We are using PostgreSQL 9.6 on SSD cloud based VMs.

Best Answer

A composite index might be optimal here:

create index on activity (community_id, update_id);

The reason the direction of the ORDER BY matters (probably) is that rows with community_id=1 preferentially occur at the beginning of the update_id values, so if you walk up that index until you accumulate 1001 rows with community_id=1, it is much faster than if you walk down it until you accumulate 1001 which have community_id=1. Using the composite index can get rid of that problem as you can jump right to what you want rather than needing to filter them out later.

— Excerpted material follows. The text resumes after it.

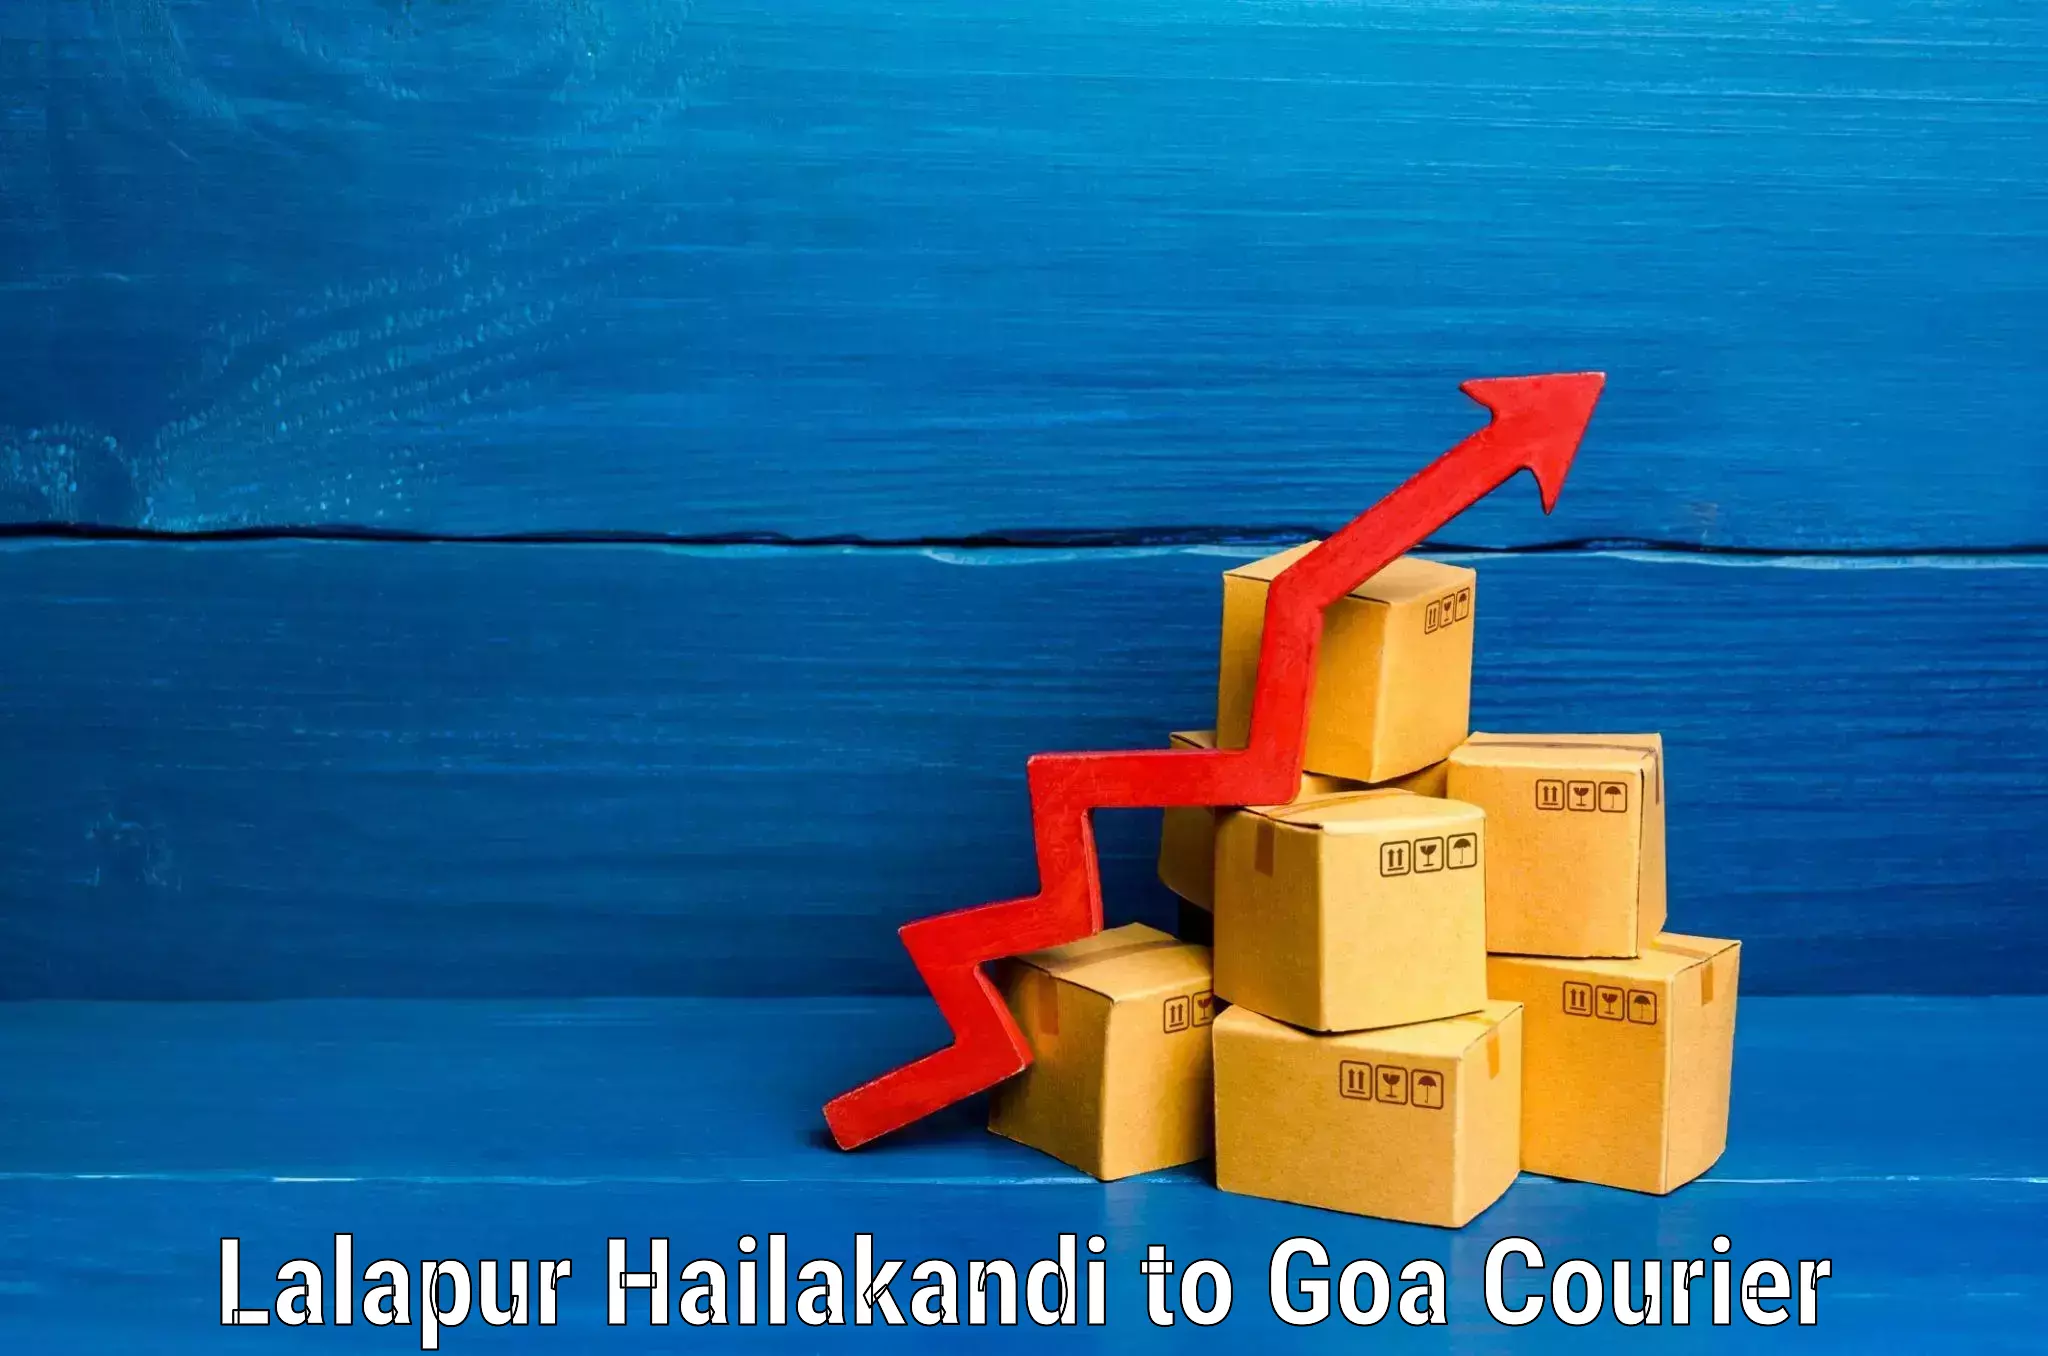 Luggage delivery system Lalapur Hailakandi to NIT Goa

Regarding your doubts about how useful the single-column indexes are, it will pick the single-column index that it thinks is most selective. So it will be better than nothing, but not as good as the perfect multi-column index. It can also combine multiple single-column indexes together using bitmap scans. Again that is not as good as the perfect multi-column index, but it could easily be good enough. If you always ORDER BY update_id, then you can productively turn every single-column index into a two-column composite index ending in update_id, which maybe will not add all that much overhead as the number of indexes stays the same. Unfortunately you can't get both the bitmap scan and the index-supported ORDER BY at the same time, so it will have to choose between them.